With Mortgage Rates Soaring, the Housing Market Takes Another Hit

Mortgage Rates.

 

As the average 30-year mortgage rate eclipses 7 percent, home buyers and sellers are confronting sticker shock.

The interest rate for the most common home loan in the United States surpassed 7 percent this week, by one measure — the latest signal that the high-flying housing market is falling back to earth.

According to Mortgage News Daily, a popular industry gauge, the average 30-year fixed-rate mortgage reached 7.08 percent on Tuesday.

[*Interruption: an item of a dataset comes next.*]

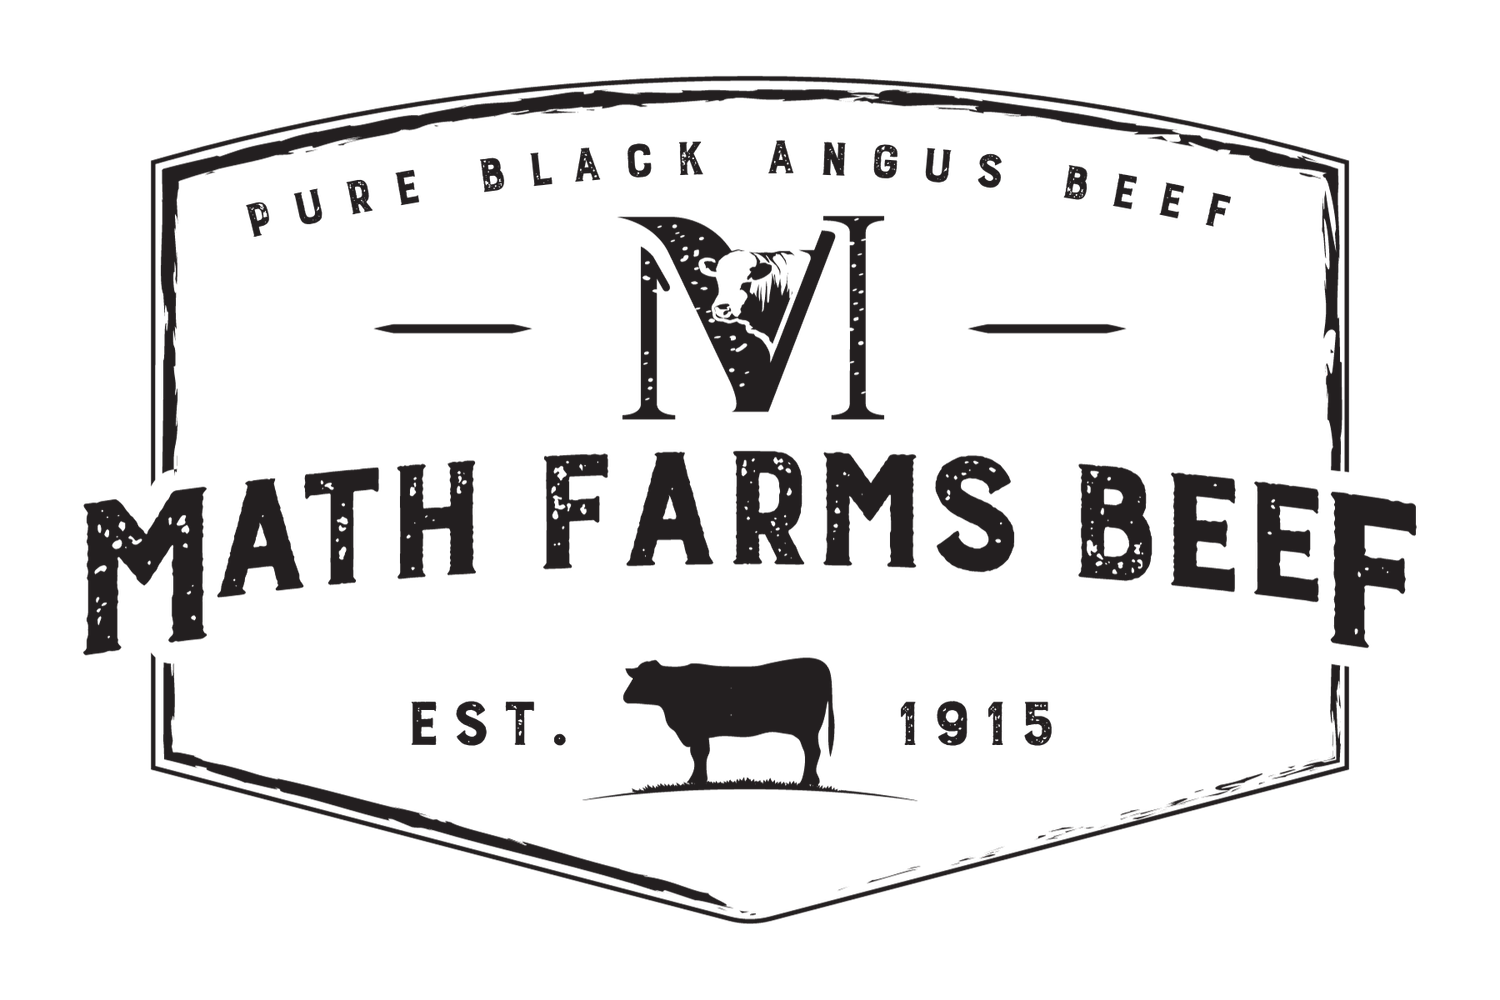 Math Farms Beef

Another survey, by the Mortgage Bankers Association, showed the rate averaging 6.52 percent, the highest reading since mid-2008. Freddie Mac placed it at 6.7 percent, up from 3.01 percent during the same week last year.

The measures vary based on survey criteria and the time of reading, but the message is clear, agents and analysts said: Home buyers and sellers are suffering from sticker shock, and the added borrowing costs are dragging down the market.

Assuming a 10 percent down payment, a home listed at the national median asking price — $435,050 in August 2022 — cost nearly $1,000 more each month than it did in August 2021, when the average mortgage rate was 2.88 percent and the median home price was about 14 percent lower, said Danielle Hale, the chief economist at Realtor.com.